I am tired.Tired of what I feel.Tired of being lonely I guess you might say?I needed you today.I needed you and you...
you werent there.You werent there at all.You werent there at all for me Vern.I guess that kindof bothered me maybe?
Maybe it shouldnt...but it did.So that must mean something right?Yea,well everything means something for a while.

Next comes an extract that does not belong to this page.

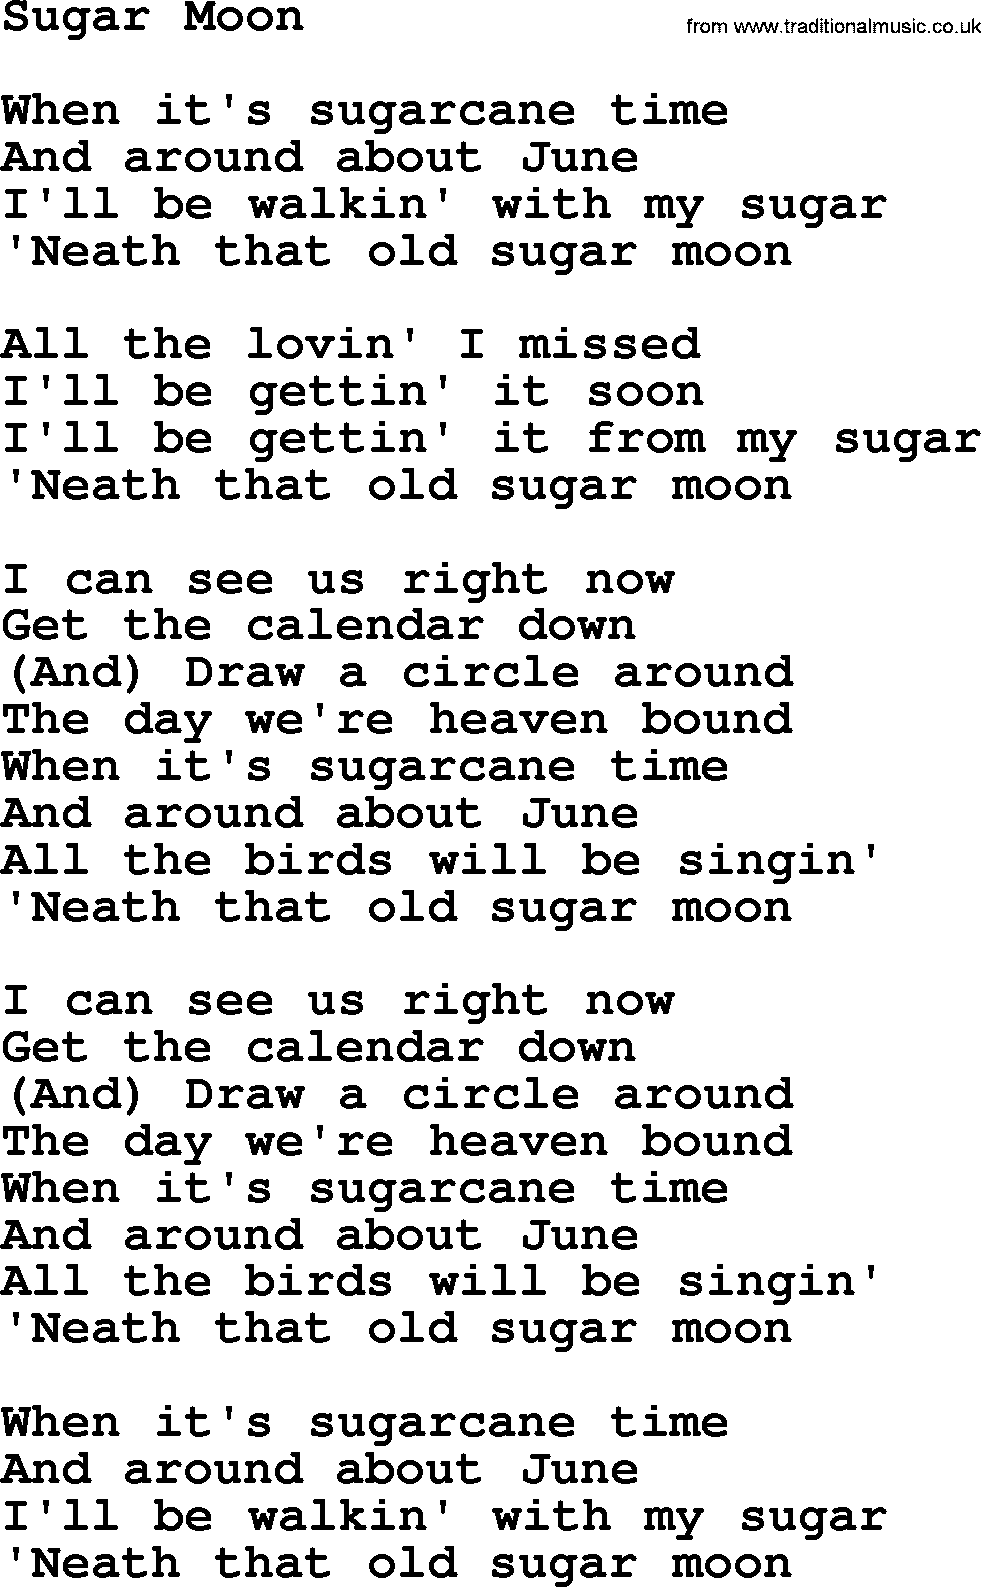 Willie Nelson song: Sugar Moon lyrics

And so anyways,here I sit...writing this to you,and smiling when I do it because I am going to give it to you...if not
give it then at lease mail it.Not like the whole last"Dear Vern"letter where I really thought that I wouldnt give it to
you...but I guess that didnt matter either.Things only matter for a while,then they just kindof get old,or maybe boring
or maybe something entirely different,who knows,but we at lease know that they only matter for a while.You mattered for
a while.For quite some time actually.You still kindof do,but thats something that really dosent matter,I dont think it would
change things.And if it would...it wouldnt matter either...cause it all already changed.So anyways,here I sit,writing as I would...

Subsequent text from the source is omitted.